Top of Available data

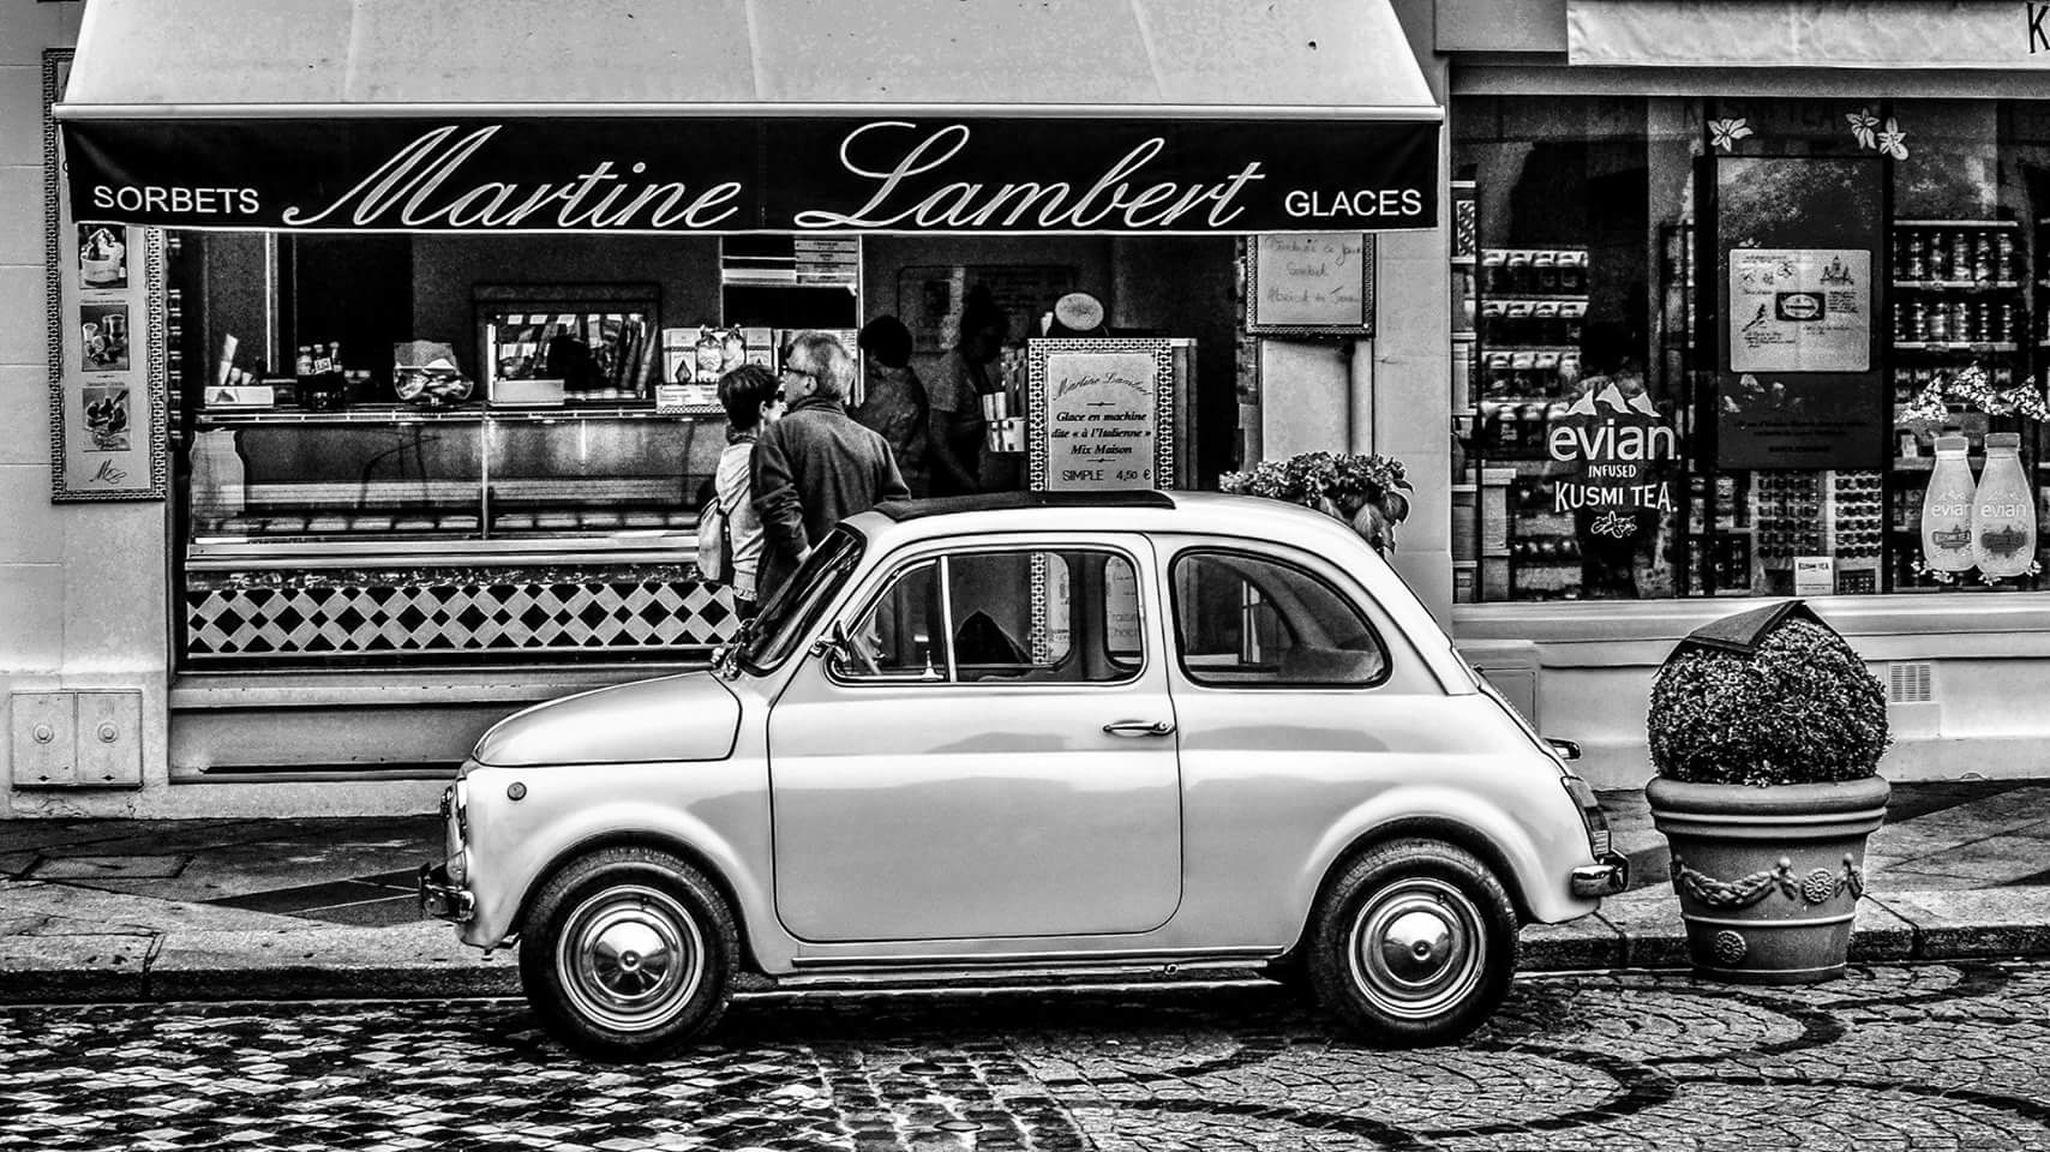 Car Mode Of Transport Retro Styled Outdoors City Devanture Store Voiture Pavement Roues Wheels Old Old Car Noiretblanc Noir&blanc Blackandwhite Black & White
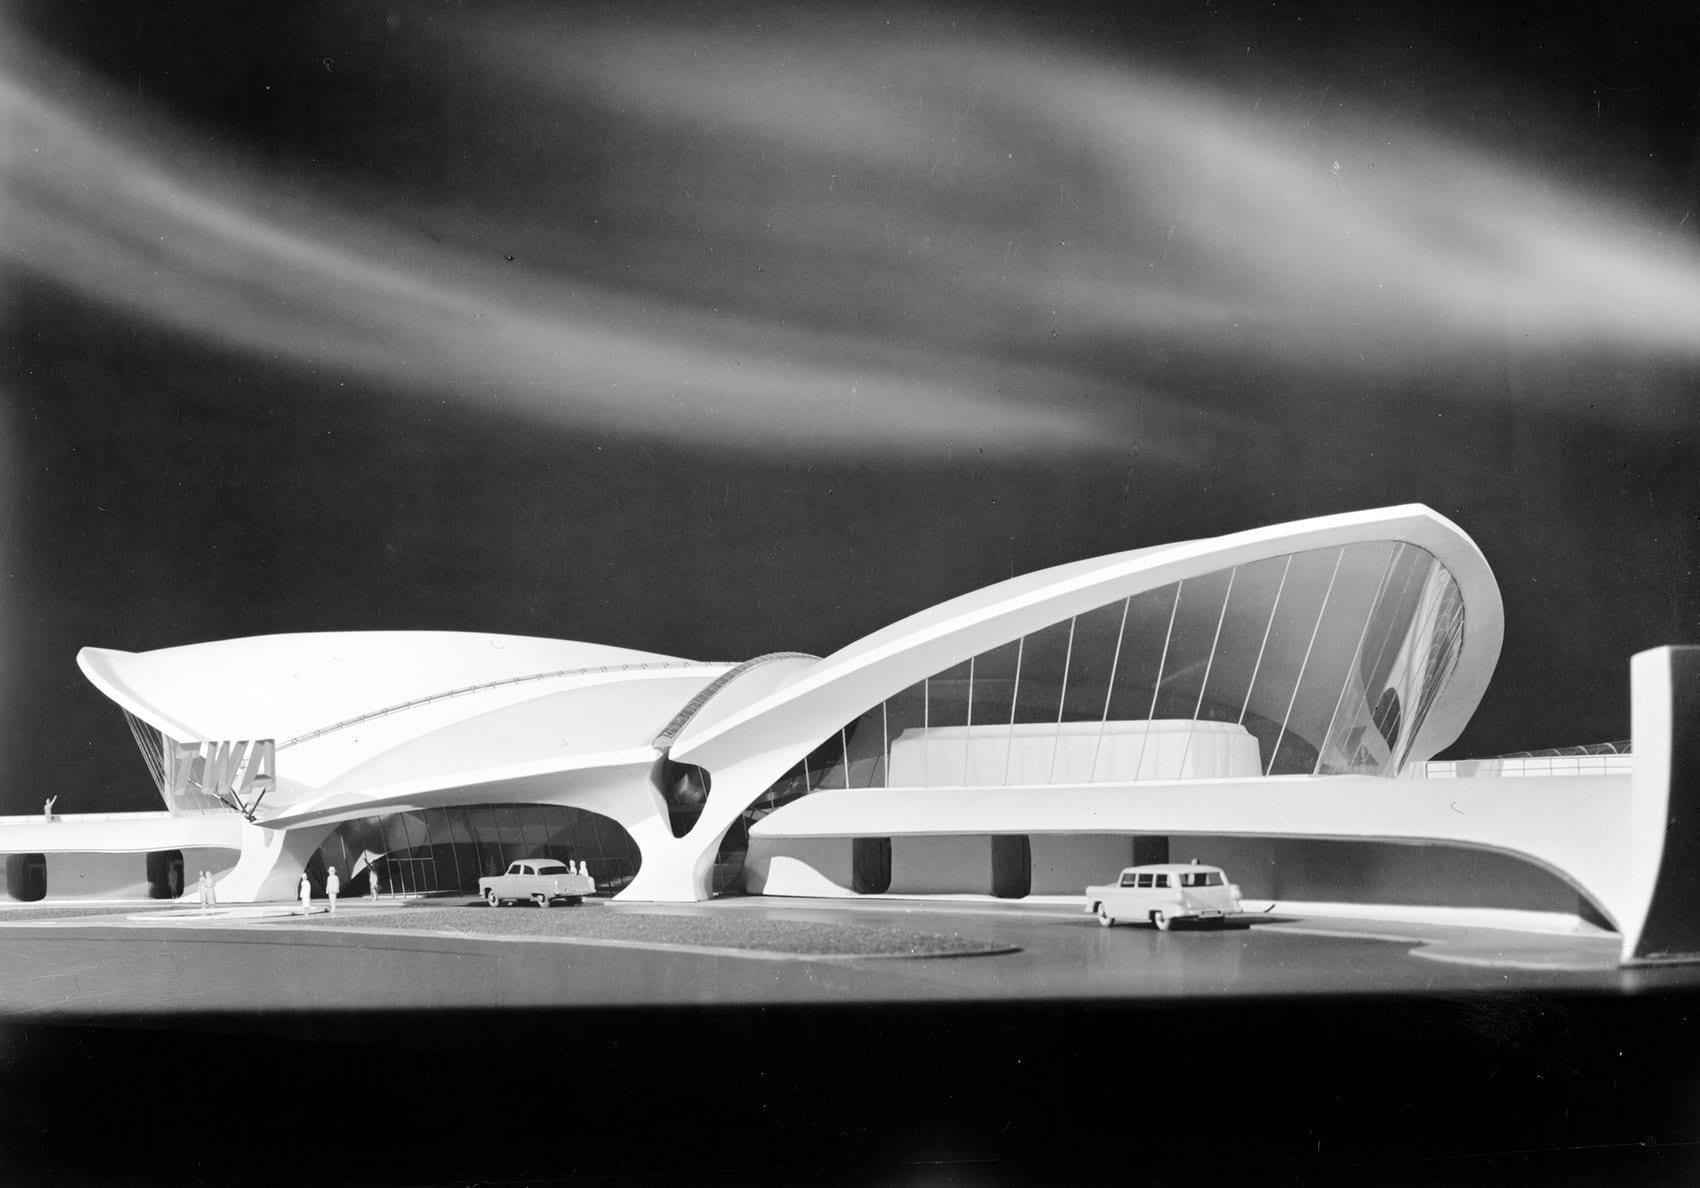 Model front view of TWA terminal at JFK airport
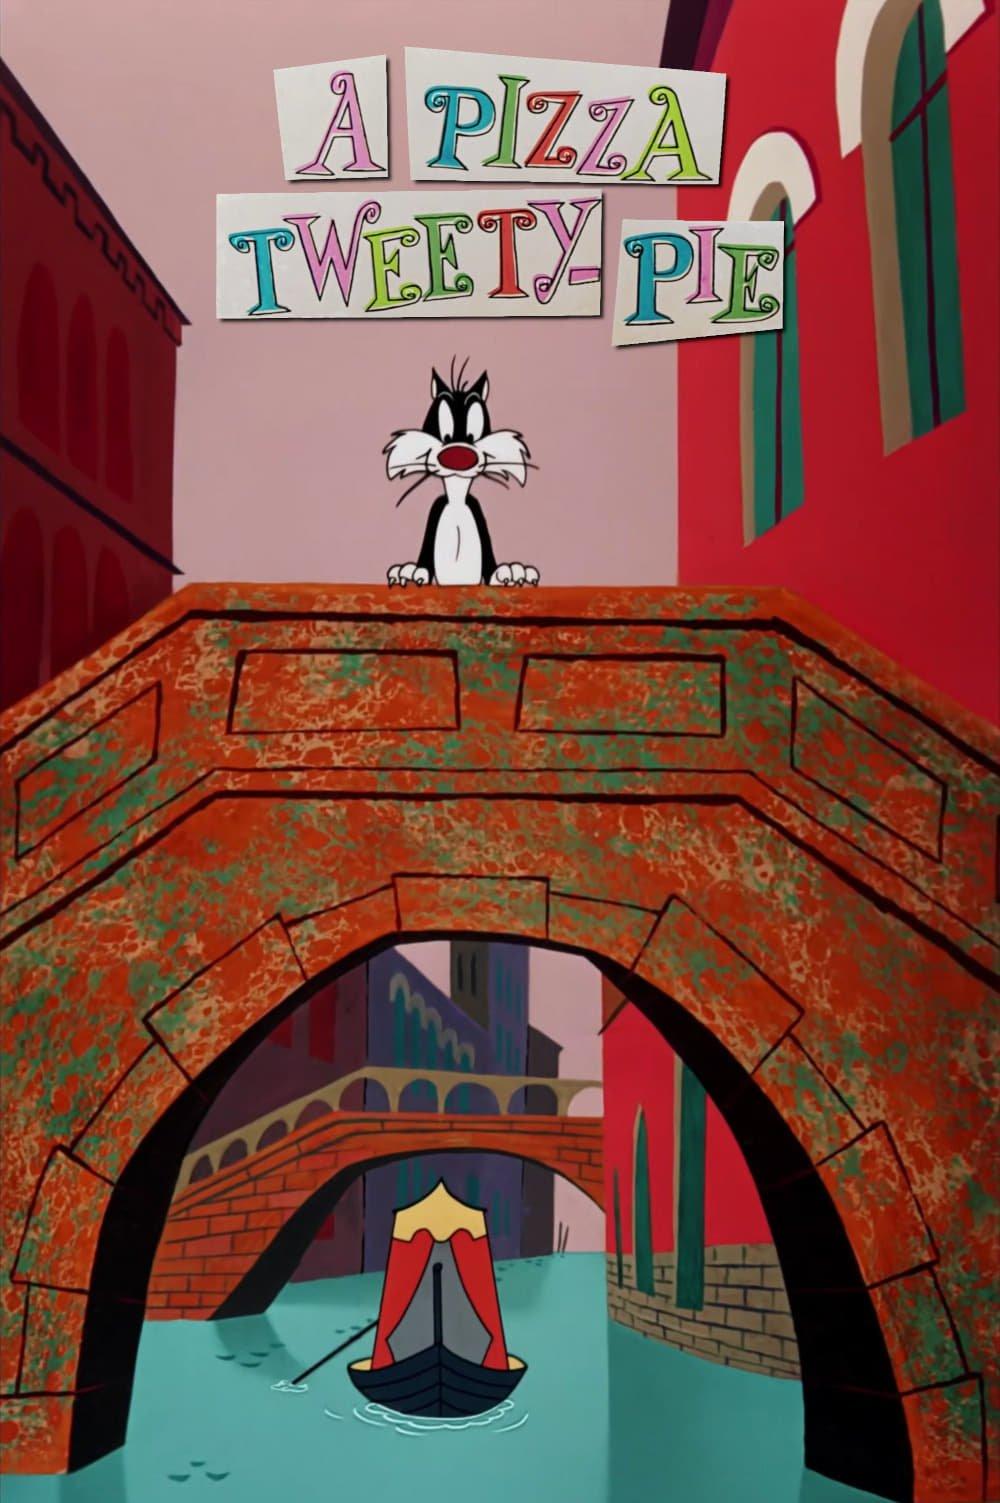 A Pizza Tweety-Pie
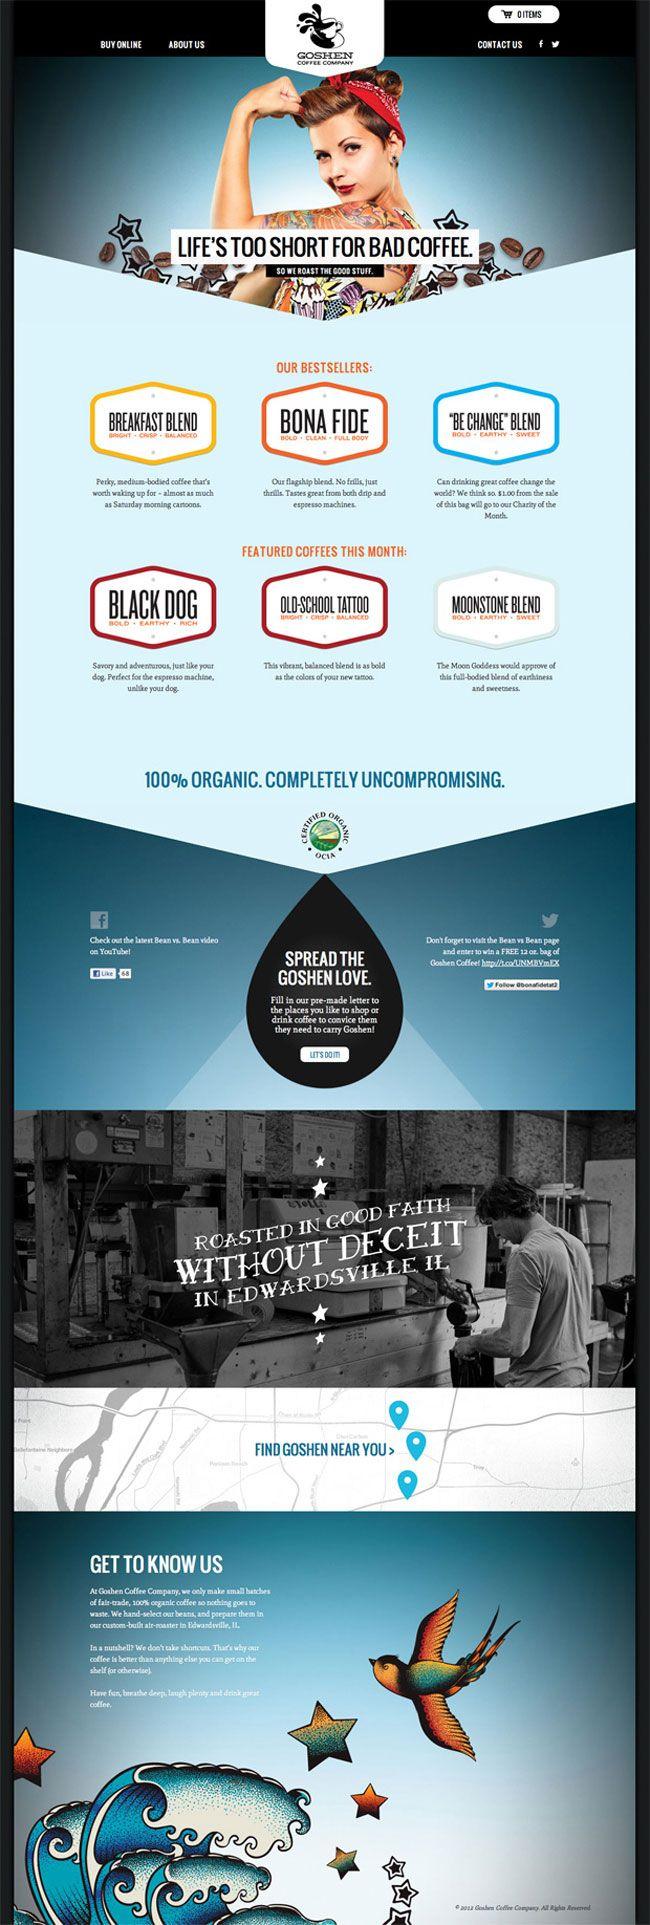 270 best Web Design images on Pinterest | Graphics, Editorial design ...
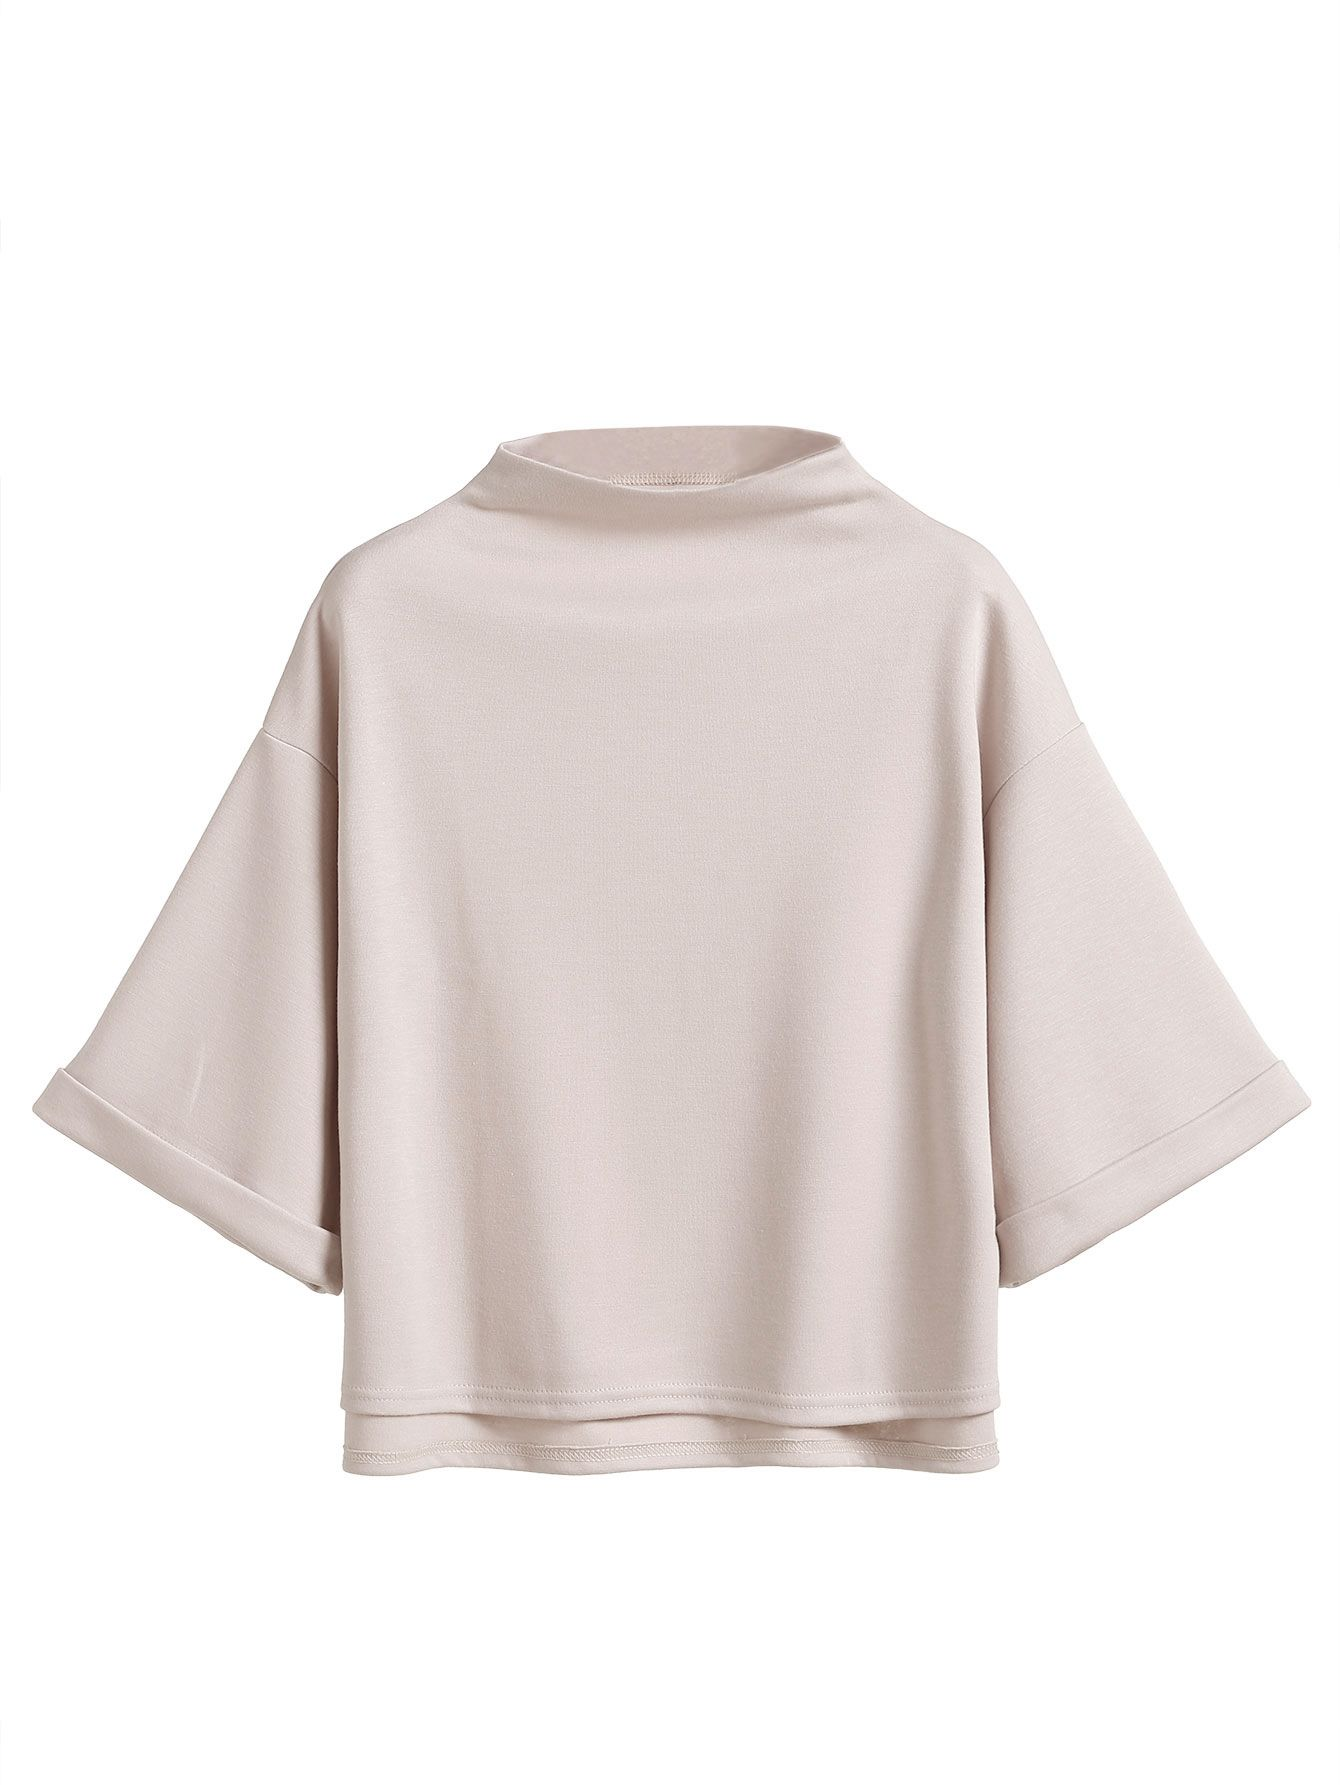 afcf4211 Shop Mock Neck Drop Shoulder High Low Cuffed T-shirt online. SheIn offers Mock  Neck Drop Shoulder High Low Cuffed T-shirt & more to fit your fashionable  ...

Bottom of Available data

**Exercise directions:** Restate each entry verbatim and skip every image.

**Answer space:**
 Car Mode Of Transport Retro Styled Outdoors City Devanture Store Voiture Pavement Roues Wheels Old Old Car Noiretblanc Noir&blanc Blackandwhite Black & White
 Model front view of TWA terminal at JFK airport
 A Pizza Tweety-Pie
 270 best Web Design images on Pinterest | Graphics, Editorial design ...
 afcf4211 Shop Mock Neck Drop Shoulder High Low Cuffed T-shirt online. SheIn offers Mock  Neck Drop Shoulder High Low Cuffed T-shirt & more to fit your fashionable  ...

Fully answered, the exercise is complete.